Decision Date16 July 1917
197 S.W. 355
271 Mo. 636
GREEN
v.
WHALEY.
No. 19216.
Supreme Court of Missouri, Division No. 2.
July 16, 1917.

[197 S.W. 356]

Appeal from Circuit Court, Lawrence County; Carr McNatt, Judge.

Action by Edward Green against James D. Whaley, administrator of David J. Green, deceased. From a judgment for defendant, plaintiff appeals. Reversed and remanded.

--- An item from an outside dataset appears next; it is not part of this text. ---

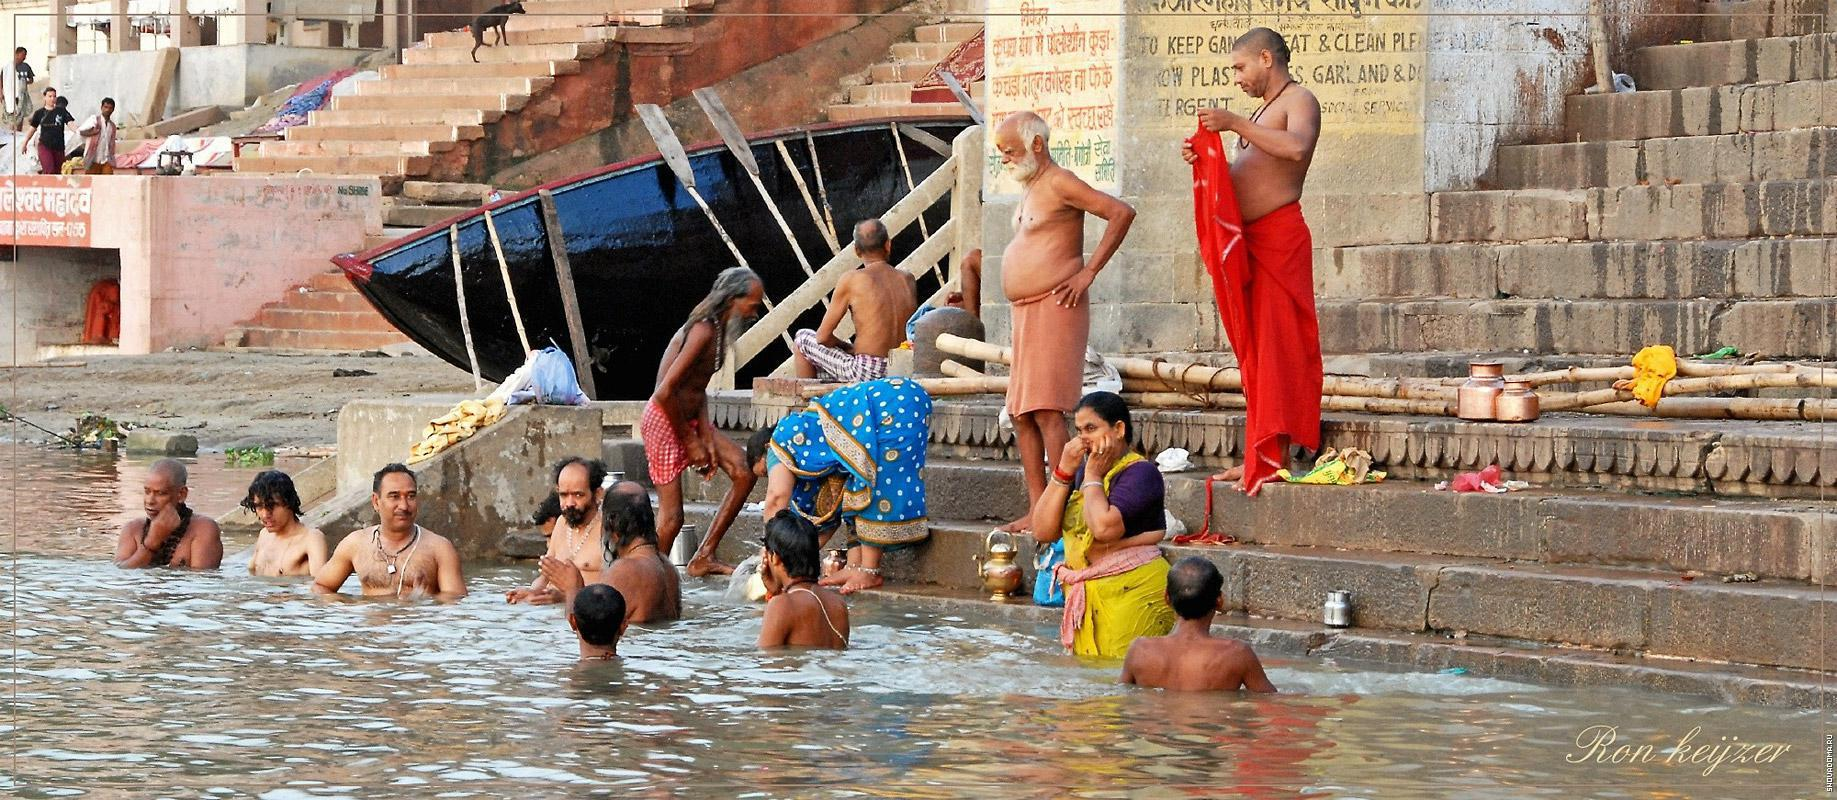 Ganges-photo05.jpg
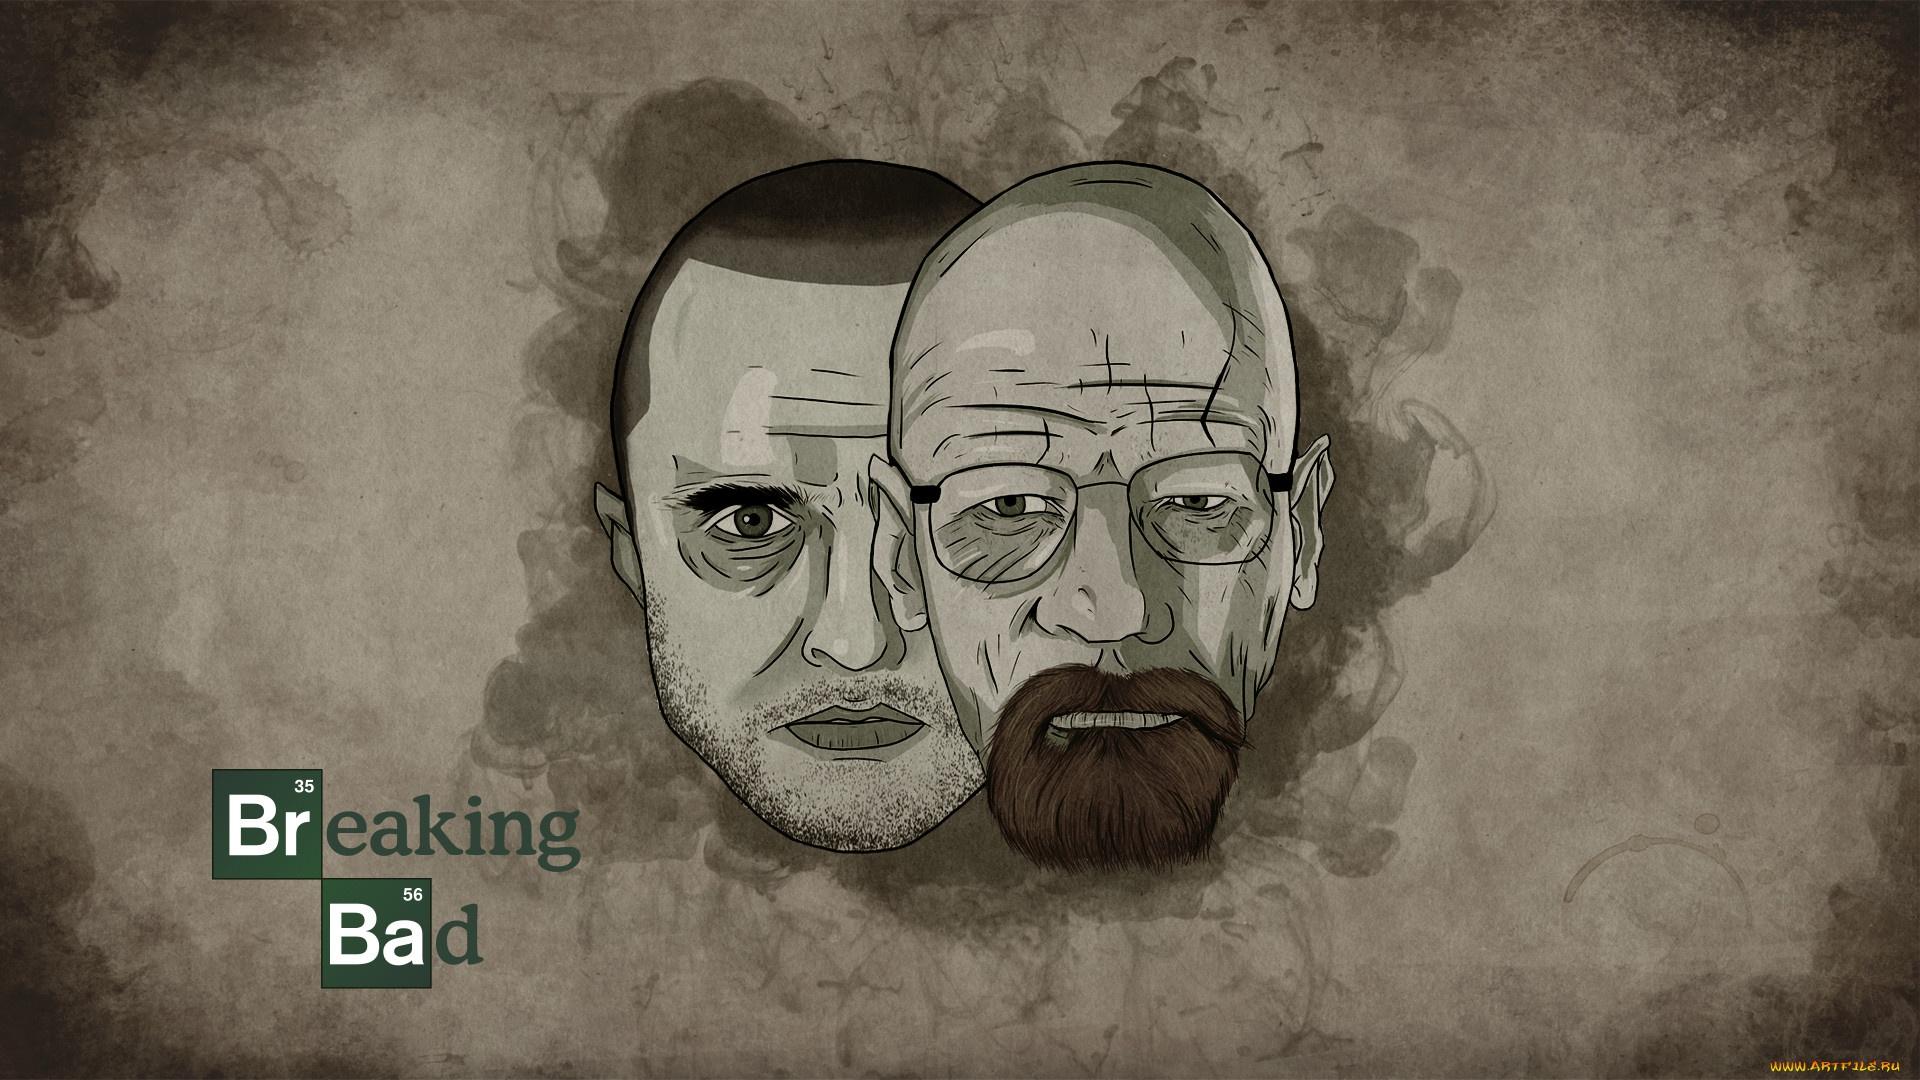 Breaking Bad free background

This is the second appearance of this case in this court. The opinion on former appeal was reported in 258 Mo. 530, 167 S. W. 575. The action was brought by Edward Green, in seven counts, to recover the proceeds of certain notes found among the papers and assets of his brother, David J. Green, on the latter's death, which notes the plaintiff claimed belonged to him by reason of an agreement made with his brother whereby said notes should become the property of the survivor of the two brothers on the death of the other. On the former appeal this court held that a case was not made out for money had and received, so as to sustain the petition as it then stood. After the cause was remanded, the petition was amended to meet the objection which caused the reversal of the case. The case was tried without a jury, and the trial court, at the request of plaintiff, made and filed a finding of facts. Inasmuch as the appellant challenges the sufficiency of the evidence to support the finding in some particulars, it will be necessary to give a full statement of the facts.

[197 S.W. 357]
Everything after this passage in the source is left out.